I laughed. "Nobody does that! He hits that hard?"
"Worse. Lightning never strikes twice. Bolt does. He tagged me for eight figures a few years ago in a shareholder lawsuit. He called to tell me that he's going to sue me, the institute, Anthony Corliss, Maggie Brennan, and their two research assistants."
"What makes him think Delaney's and Blair's deaths have anything to do with the institute?"
"Volunteers are videotaped describing their dreams. Some of them are pretty graphic nightmares. Those are the ones our researchers are particularly interested in studying. Delaney's and Blair's dreams came true."
"How so?"
"Both of them died the way they dreamed they would.

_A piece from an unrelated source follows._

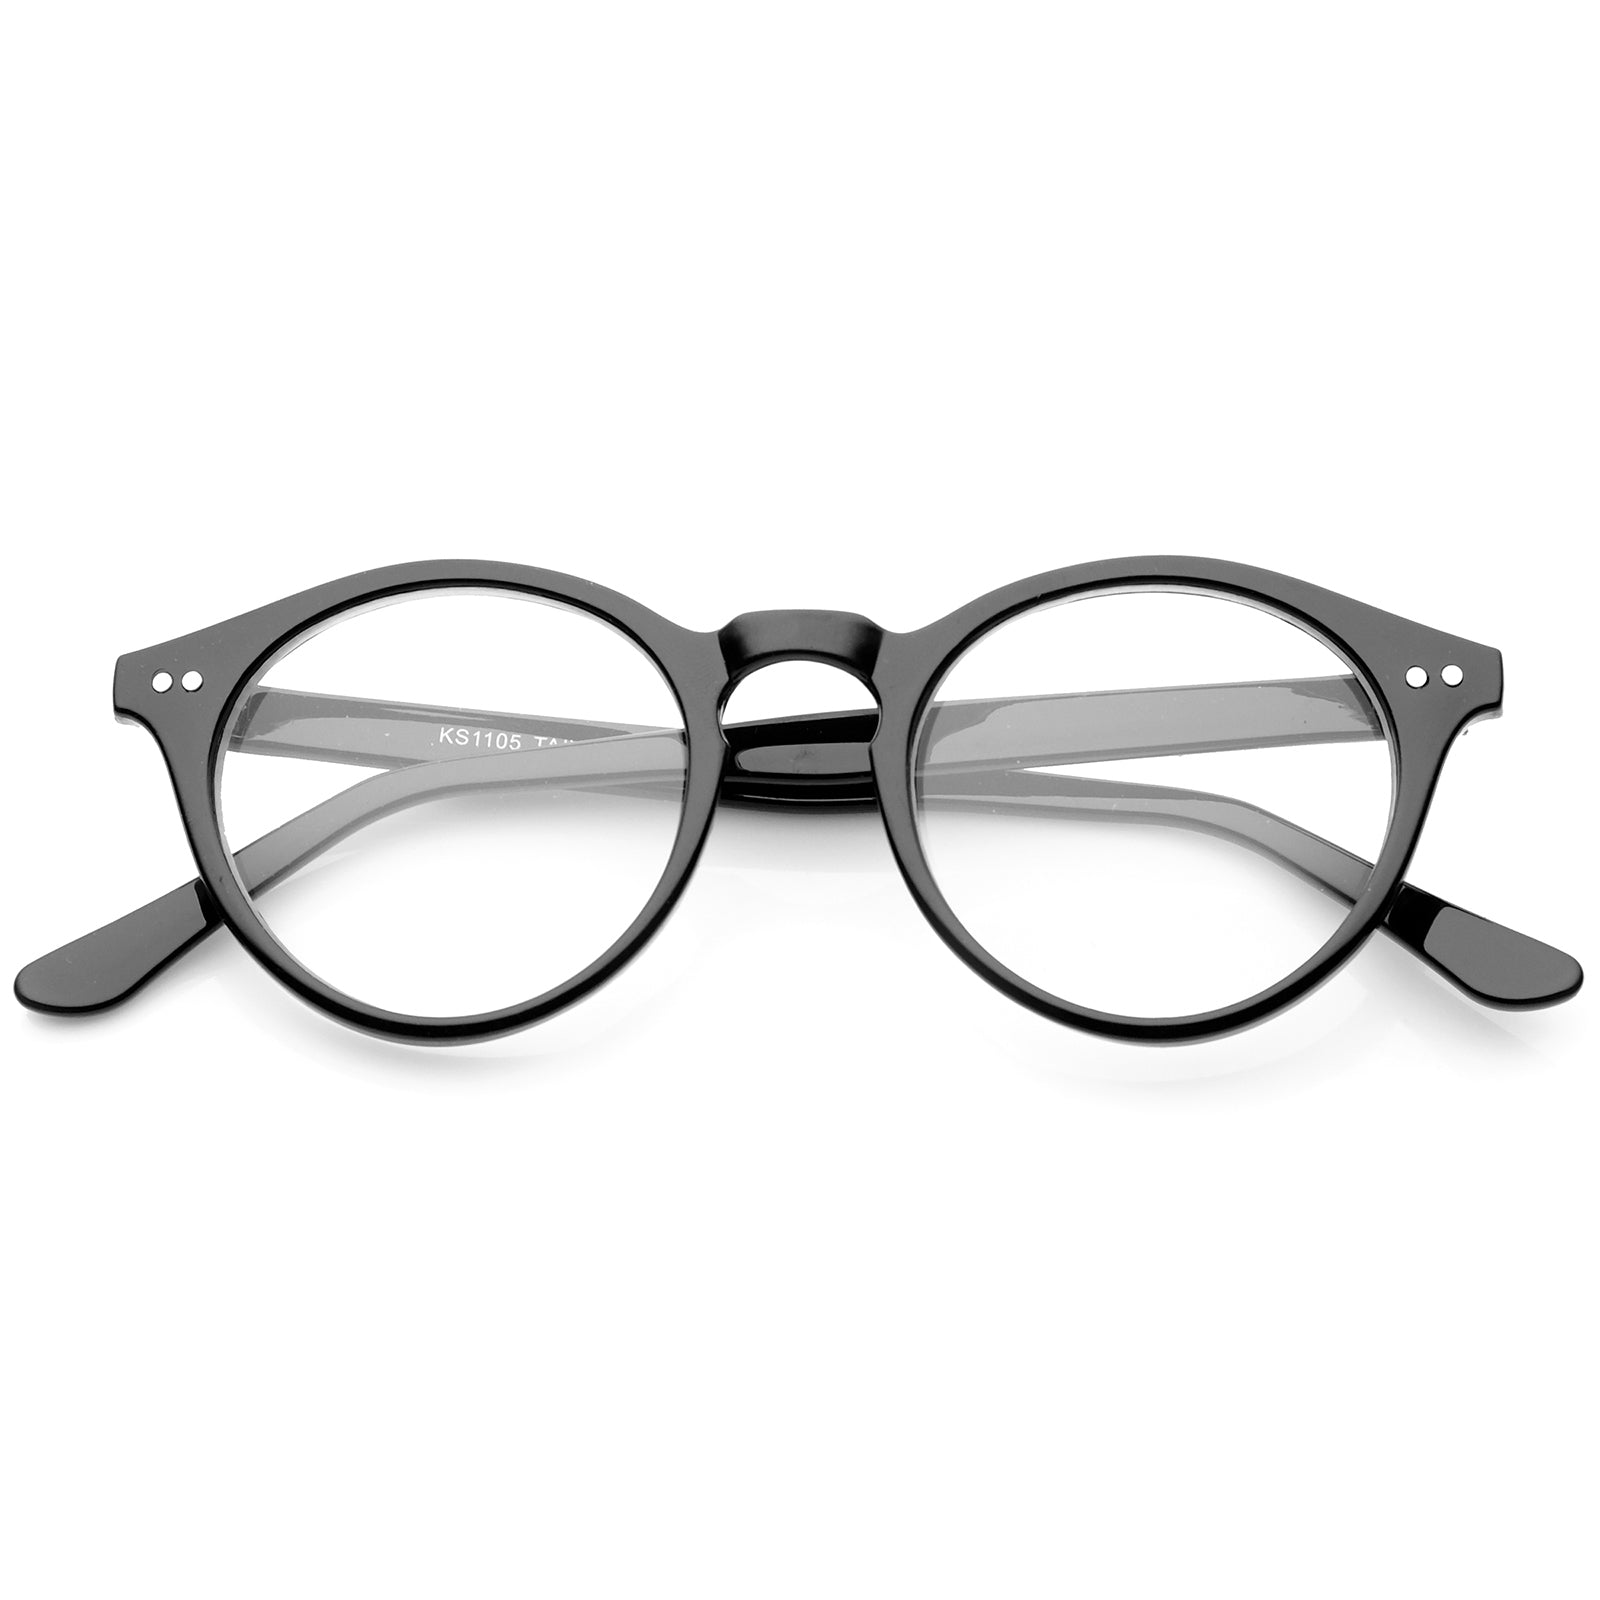 Womens Small Oval Glasses Slim Arms Clear Lens 48mm (Black / Clear)

Bolt claims he has an expert witness who will testify that lucid dreaming breaks down inhibitions against dangerous behavior and causes people like Delaney and Blair to act out their nightmares."
"I assume the police investigated both deaths. What did they come up with?"
"Delaney was a suicide and Blair was an accident."
"Did the police know about the videotapes?"
"Not the first time around but Bolt stirred things up so they took another look. A detective named Paul McNair asked to see the tapes and we made them available."
I'd worked with McNair on a joint task force a few years ago. He was a clock watcher, putting in his time until retirement. Not someone who'd be anxious to turn an easy case into a tough one.
"What was McNair's take?"
"That Delaney killed himself and that Blair got too close to the edge and fell."